Unnamed: 0,location,prefix,project_no,agency,prepared_date,submit__to_hq_date,hq_review_date,submit_to_fhwa_date,to_fmis_date,fed_requested,ac_requested,total_requested,status_comment,locode,dist,status,dist_processing_days,hq_processing_days,fhwa_processing_days,ftip_no,project_location,type_of_work,seq,date_request_initiated,date_completed_request,mpo,warning,projectID,projectNO,compare_id_locode
0,Obligated,BPMPL,5904(121),Humboldt County,2018-12-18,2018-12-18,2018-12-18,2018-12-18,2018-12-27,0.0,0.0,0.0,Authorized,5904,1,E-76 approved on,,0.0,9.0,HBPLOCAL,14 Bridges In Humboldt County,Bridge Preventive Maintenance - Deck Joints,3,,,NON-MPO,,5904,121,True
1,Obligated,ER,32D0(008),Mendocino County,2018-12-17,2018-12-19,2018-12-20,2018-12-20,2018-12-27,11508.0,0.0,13000.0,Authorized,5910,1,E-76 approved on,1.0,1.0,7.0,,"Comptche Ukiah Road, Cr 223 Pm 17.25",Permanent Restoration,3,2018-12-17,2018-12-18,NON-MPO,,32D0,8,False
2,Obligated,ER,4820(004),Humboldt County,2018-12-07,2018-12-21,2018-12-21,2018-12-21,2018-12-27,45499.64,0.0,51394.58,Authorized,5904,1,E-76 approved on,14.0,0.0,6.0,,Mattole Rd Pm 43.17,Permanent Restoration,5,2018-12-06,2018-12-07,NON-MPO,,4820,4,False
3,Obligated,CML,5924(244),Sacramento County,2018-12-11,2018-12-11,2018-12-21,2018-12-27,2018-12-27,207002.0,0.0,247002.0,Authorized,5924,3,E-76 approved on,4.0,16.0,0.0,SAC25086,Fair Oaks Blvd.
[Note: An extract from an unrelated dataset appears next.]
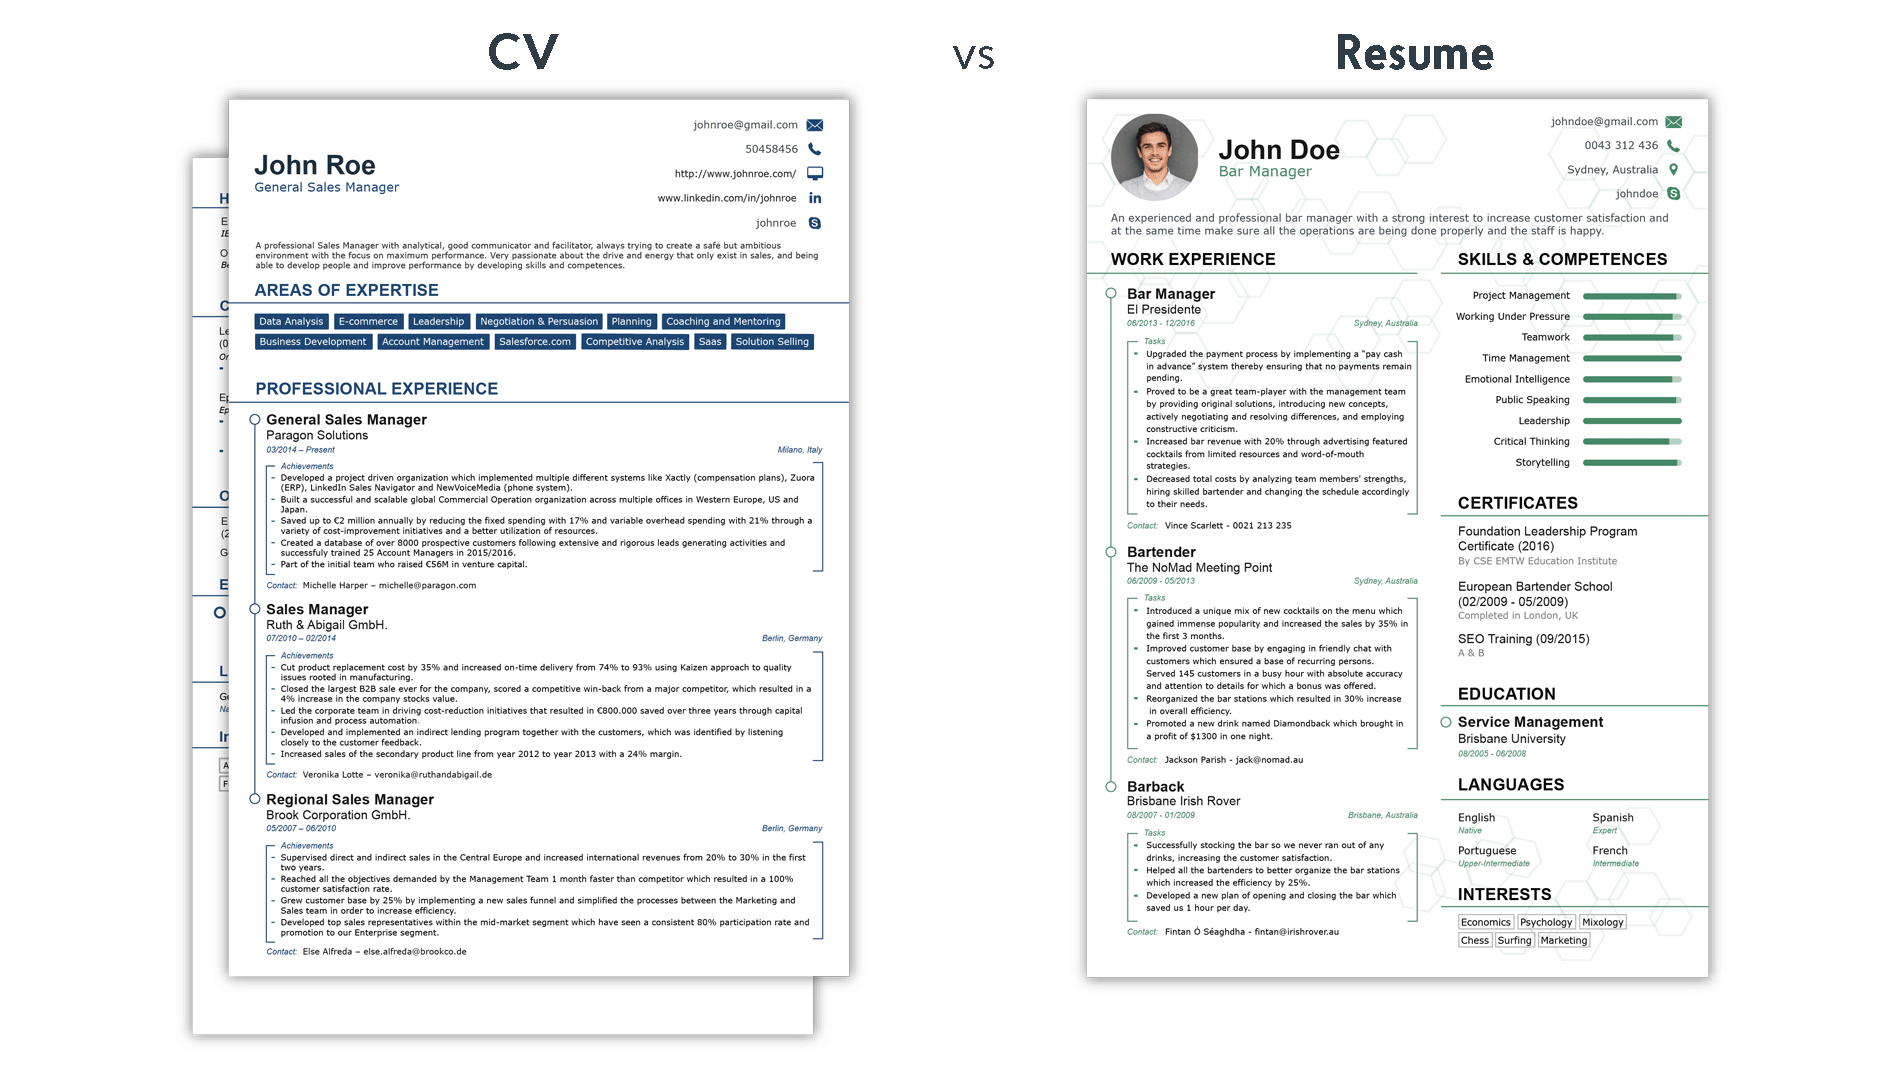 How To Write A Resume For A Job Curriculum Vitae Vs Resume how to write a resume for a job|wikiresume.com

Between Howe Ave And Munroe St,Create A Smart Growth Corridor With Barrier Se...,1,2018-12-07,2018-12-07,SACOG,,5924,244,True
4,Obligated,CML,5924(214),Sacramento County,2018-12-05,2018-12-11,2018-12-21,2018-12-27,2018-12-27,0.0,5680921.0,5702041.0,Authorized,5924,3,E-76 approved on,7.0,16.0,0.0,SAC24753,Florin Rd Between Power Inn Rd. And Florin Per...,Streetscape (tc),3,2018-11-28,2018-12-04,SACOG,,5924,214,True


In [7]:
cols = ['prepared_date','to_fmis_date','submit_to_fhwa_date','submit__to_hq_date','hq_review_date','date_request_initiated','date_completed_request']
df[cols] = df[cols].applymap(lambda x : pd.to_datetime(x, format = '%Y-%m-%d'))

KeyboardInterrupt: 

In [None]:
df.prefix.value_counts().sort_values(ascending=False)

In [None]:
df.agency.value_counts().sort_values(ascending=False).nlargest(10)

In [None]:
df.agency.value_counts().sort_values(ascending=False).nsmallest(10)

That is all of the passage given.